Phelps-Roper’s warm curiosity allows for exploration of gray areas. Miranda Sawyer calls her approach a “mushy Christian desire to be as kind and even handed as possible” (contrasting it to Rowling’s “careful, crisp mind”). Though I understand that comment (a bit ironic, since Phelps-Roper is now an atheist), I think this podcast proves the power of empathetic interviewing as a tool for disarming anger and getting down to true exchange of ideas.
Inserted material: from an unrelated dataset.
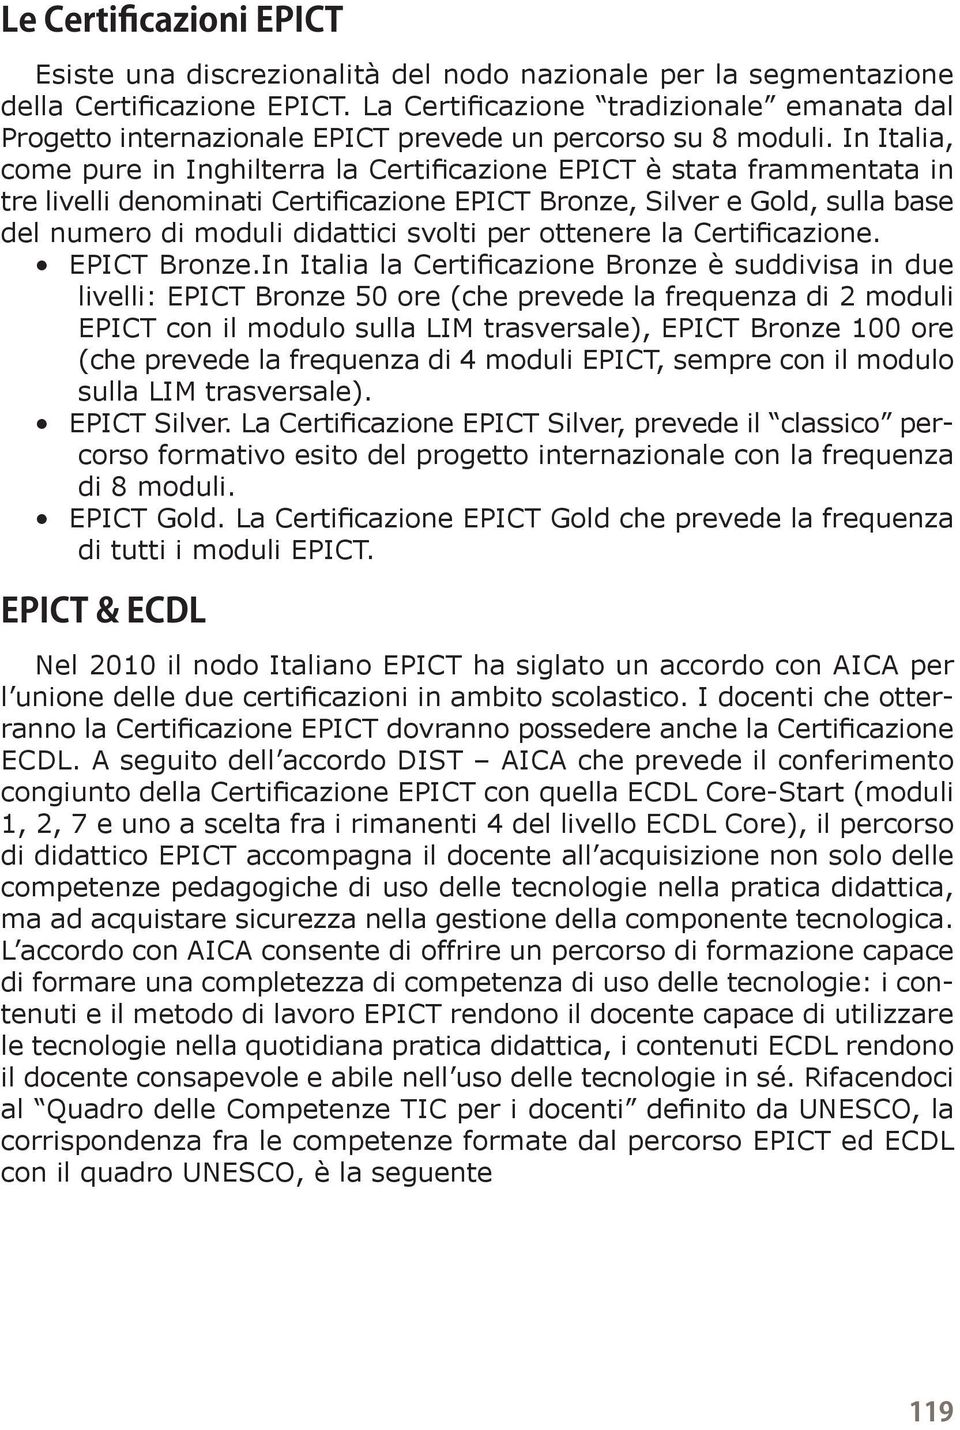 In Italia, come pure in Inghilterra la Certificazione EPICT è stata frammentata in tre livelli denominati Certificazione EPICT Bronze, Silver e Gold, sulla base del numero di moduli didattici svolti

Among other interesting aspects of The Witch Trials is an examination (in episode three) of the ways opposing ideas about sex and gender evolved on sites like Tumblr and 4Chan during the early 2000’s, pollinating online discourse with words like “problematic,“ “genderqueer,” and “snowflake,” and so shaping the linguistic landscape of our current, confusing moment. For me, Gen X dinosaur that I am, this was a revelation.Â
There’s much left to ponder in such a noisy conflict. I can’t recommend The Witch Trials of J.K. Rowling enough. It’s helpful to have the volume of emotions turned down so that you can hear yourself think; so that you can hear Rowling and two of her former fans explain their ideas and experience in a truly nuanced way. And it turns out not one of them is a witch.Â
M. Elizabeth Carter is a counselor and writer living in Alabama.